Warner Brothers relaunched the Batman series in 2005 with Christopher Nolan's Batman Begins, a grand and gloomy reboot which brought new levels of complexity and nuance to the superhero genre. It starred Christian Bale and told the story of how the orphaned millionaire Bruce Wayne became Batman. Nolan's imagery and cinematography were bewilderingly rich, and he followed Batman Begins with two fabulously gothic sequels, one of which, The Dark Knight, may just be the best superhero film ever made (see panel).
Superman returned in 2006, in a Bryan Singer revival that was generally considered slow, sanctimonious and over-laden with references to the risen Christ, and more successfully in a 2013 film (Man of Steel) that essentially copied the template of Richard Donner's 1978 original. But the real fun started when Marvel Studios began assembling their 'Cinematic Universe' of superheroes.
John Favreau's Iron Man (2008) brought humour to the fore, and took the considerable risk of casting the then seriously out of favour Robert Downey Jr as billionaire inventor Tony Stark. It was a chancy but inspired move, as Downey was astonishingly good as Stark, a dissolute and showy genius who has a Damascus experience and dedicates his life to fighting crime.
The beautifully designed flying metal suit, slick jokes and slicker effects were set to heavy metal tracks by the likes of AC/DC and Black Sabbath to create a winning box office formula. In association first with Paramount, and more recently with Disney, Marvel have made hay by rapidly introducing other characters including Hulk, Thor and Captain America in hugely successful solo vehicles before joining their stories in Avengers Assemble and now Avengers: Age of Ultron.
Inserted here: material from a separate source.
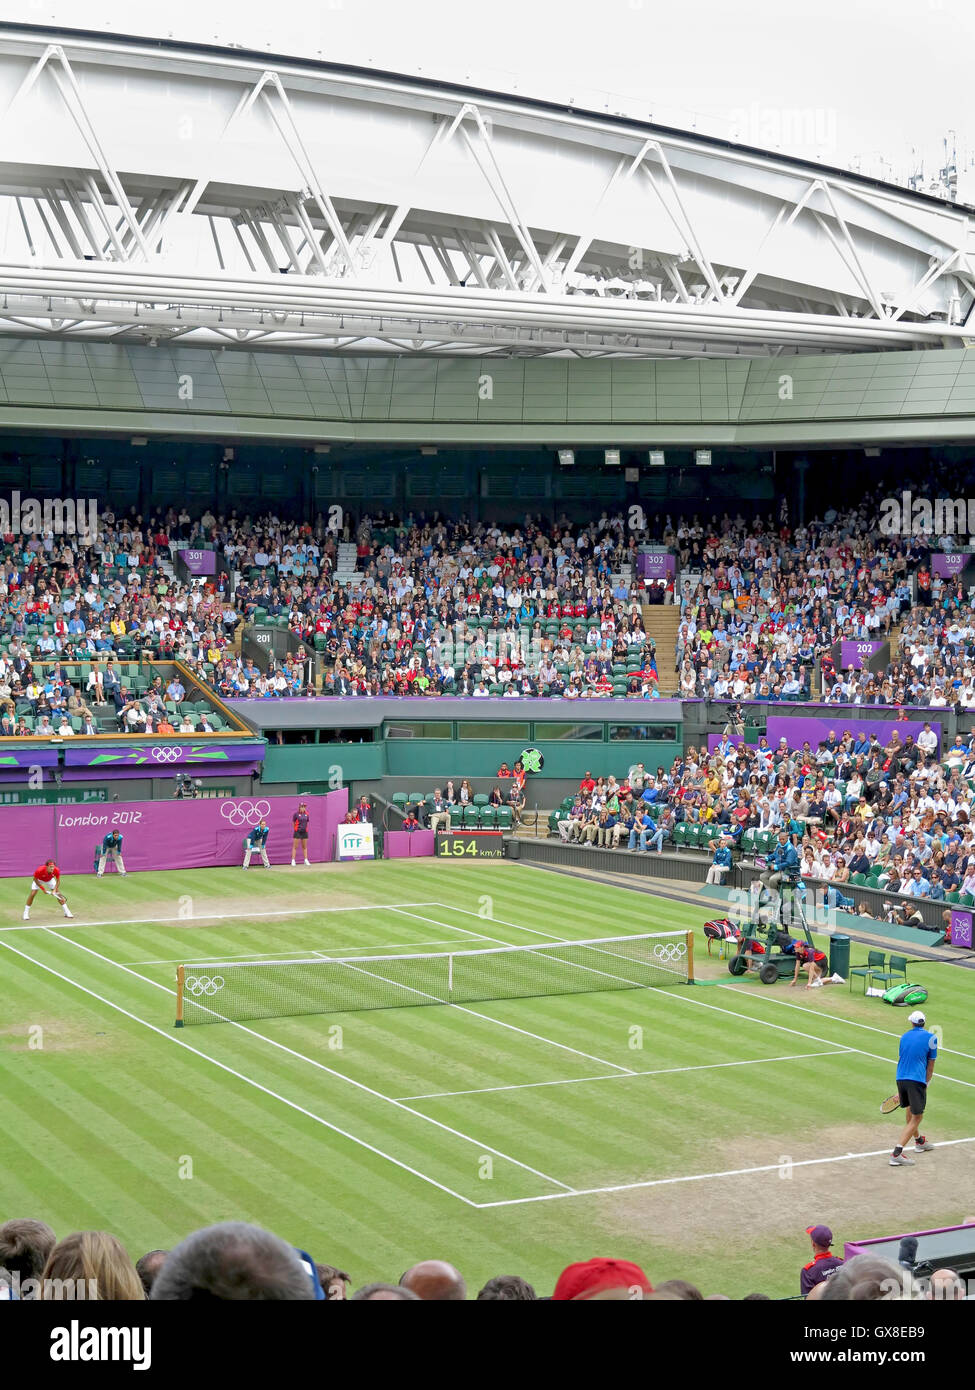 Wimbledon, Angleterre. 2 août 2012. Roger Federer et John Isner lors de leurs matchs en simple aux Jeux olympiques de cet été à Londres Banque D'Images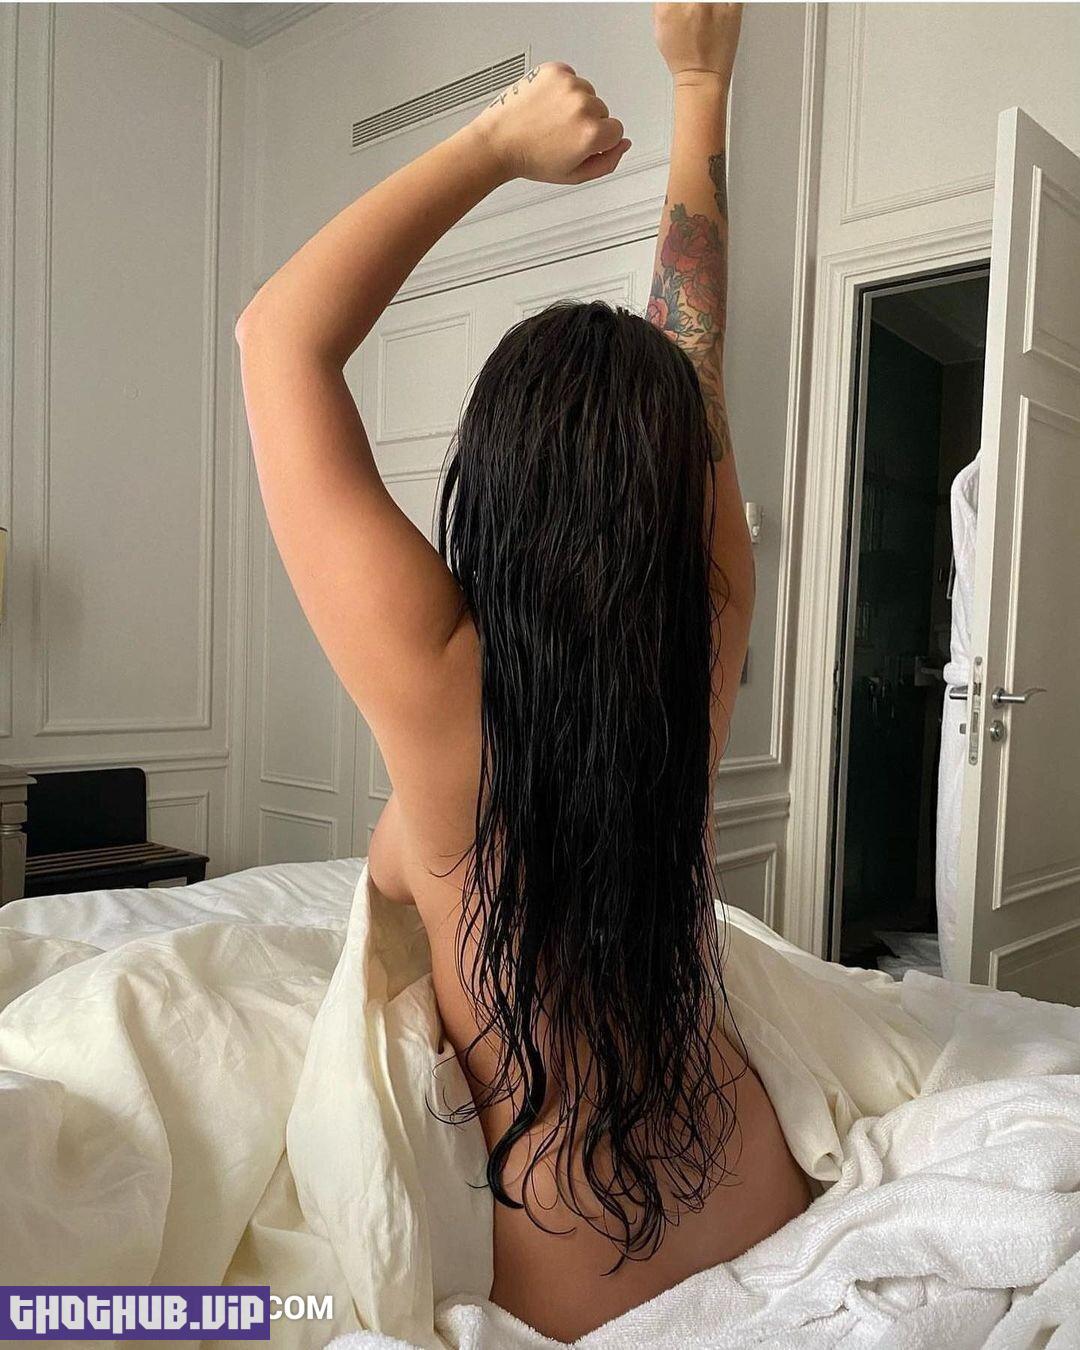 Laura Von Instagram Naked Influencer - Gallucci Onlyfans Leaked Videos

Their appeal is obvious: simple stories of good and evil told with verve, humour and stunning visual effects. And the avalanche of superhero movies is set to continue: in the next 12 months we'll be seeing Ant-Man, The Fantastic Four, Batman V Superman, Guardians of the Galaxy 2, X-Men Apocalypse and Wonder Woman.
The studios, of course, love the superhero craze, because although the films cost a lot to make, pouring dollars into a recognisable comic book hero is a lot less risky than backing something new. The only problem is that this ongoing glut of formulaic action fantasies exists at the expense of the serious original dramatic movies that might have been made in their stead.
The Citizen Kane of superhero movies
Breath-taking is about the only way to describe this epic superhero drama from writer/director Christopher Nolan. A sequel to 2005's Batman Begins, The Dark Knight took that film's elegantly grim style and expanded it into something truly spectacular.
Christian Bale starred as billionaire playboy Bruce Wayne and his nocturnal crime-fighting alter ego, who here faces his demonic nemesis, The Joker. He descends on Gotham City with a vengeance, happy to blow up hospitals and slaughter the innocent in a bid to provoke the Batman into a decisive confrontation.
Only the bravest of actors would have dared take on a role so synonymous with Jack Nicholson, but the late Heath Ledger went off and completely reinvented it.
There's nothing all that funny about his Joker, a terrifying, relentless and utterly demented psychopath whose psychosis seems disturbingly real.
He dominates this film with a measured, compelling and oddly graceful performance, and Bale is very good as the dark and troubled Bruce Wayne.